Hypertension is included in the official diagnostic criteria for metabolic syndrome, also known as insulin resistance syndrome, which underscores insulin as the driving and unifying pathological factor. So it’s fairly obvious that chronically high insulin is key here, and the same can be said of Alzheimer’s disease, and likely other forms of dementia. We are increasingly seeing certain forms of dementia as falling under the umbrella of “diseases of civilization” driven primarily by diets and lifestyles at odds with what human physiology has evolved to thrive on. (High carb diets and the perhaps overzealous prescription of statin drugs may play roles in the pathology of cognitive decline and impairment.)

Getting back to this study cohort, compared to individuals who did not develop dementia by the end of follow-up, those who did didn’t only have slightly higher blood pressure. They had several other indicators of chronic hyperinsulinemia that might have been missed as being pieces of the puzzle simply because insulin testing is not a routine part of standard bloodwork—although the case can easily be made that it should be!

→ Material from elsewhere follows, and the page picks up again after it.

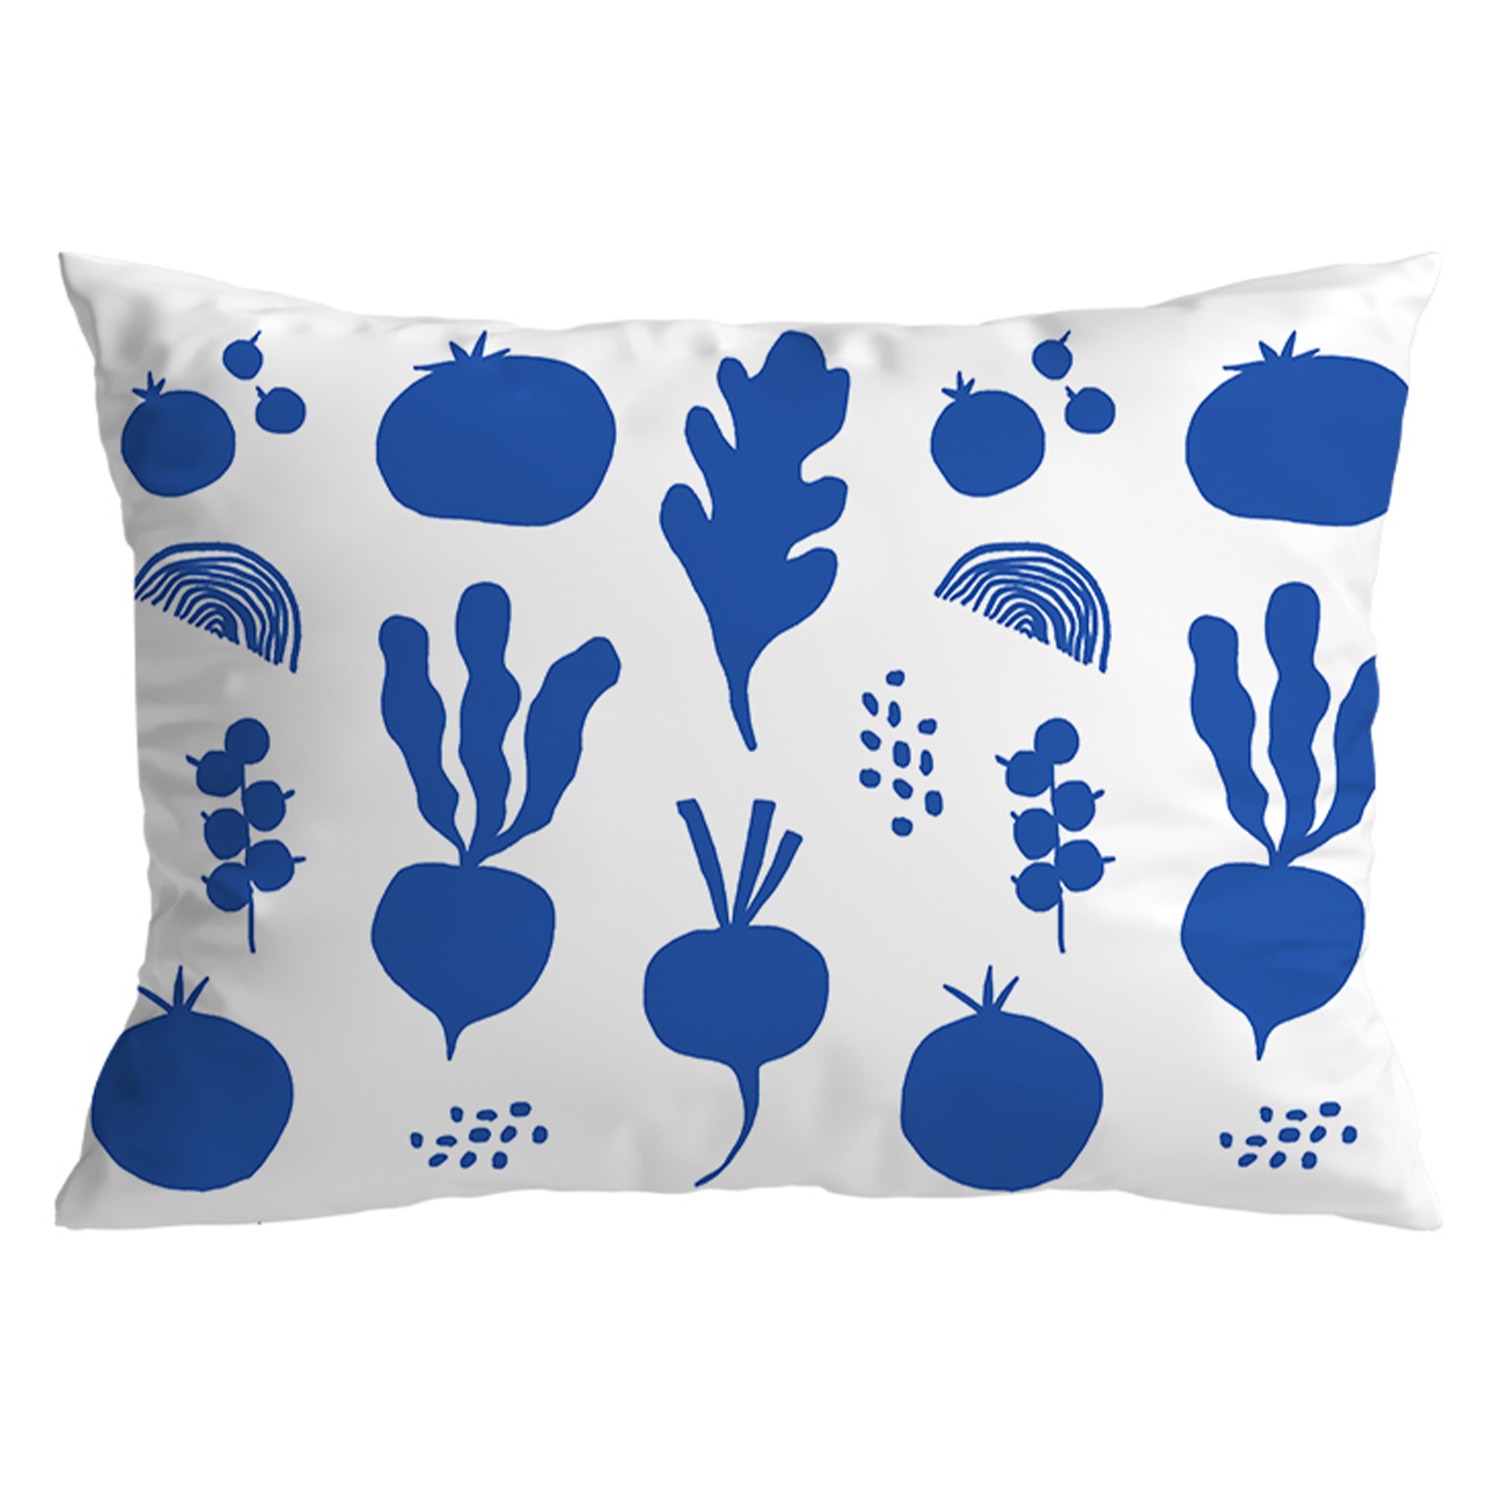 [a.o.b] Vegetable pillow cover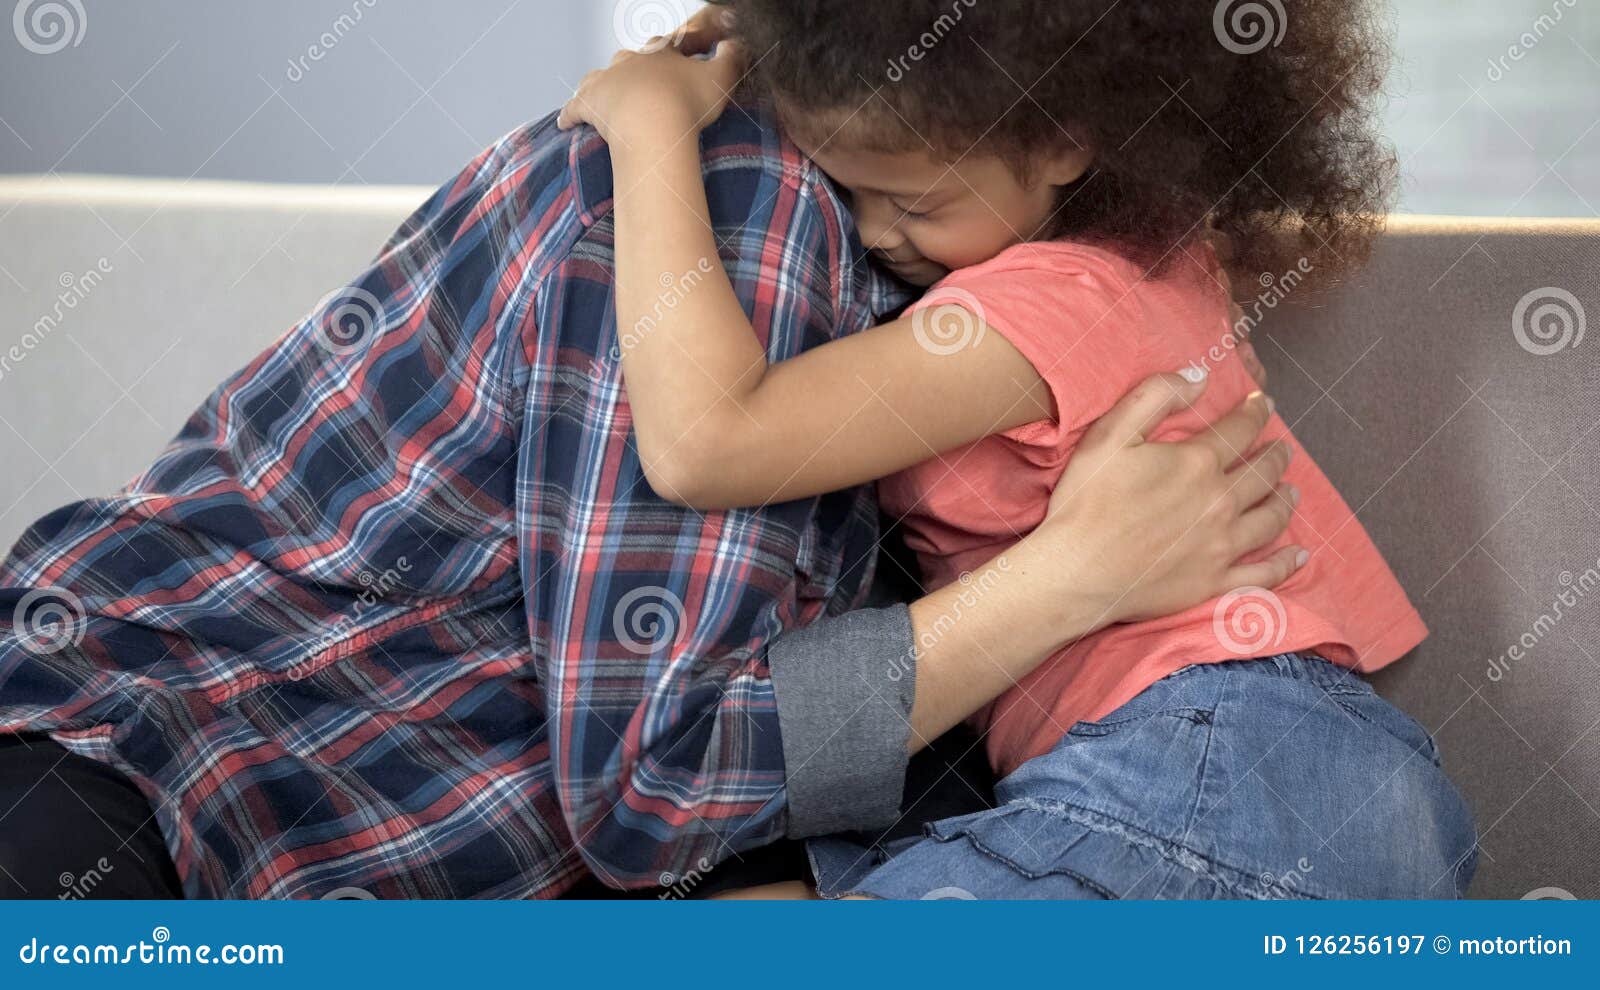 caring adult lady hugging little girl, child adoption system, family happiness

Compared to non-demented subjects, the subjects who developed dementia had very slightly higher blood pressure, significantly greater incidence of cardiovascular disease, a-fib and heart failure, more of them currently smoked, more had diabetes, slightly higher BMI, and more reported low levels of physical activity. Cardiovascular disease is largely driven by chronic hyperinsulinemia, physical activity may help promote insulin sensitivity, and chronically elevated insulin is a major driver of overweight and obesity (it directly inhibits lipolysis, making it difficult to lose weight as well), so it stands to reason that high insulin may be the underlying culprit linking together higher blood pressure and increased risk for dementia.

As we learn more about the myriad unexpected effects of insulin that have nothing to with regulating blood sugar, more is revealed about just how powerfully this hormone influences far more than blood glucose. And it directs healthcare practitioners to guide their patients toward dietary and lifestyle strategies that maintain healthy insulin levels.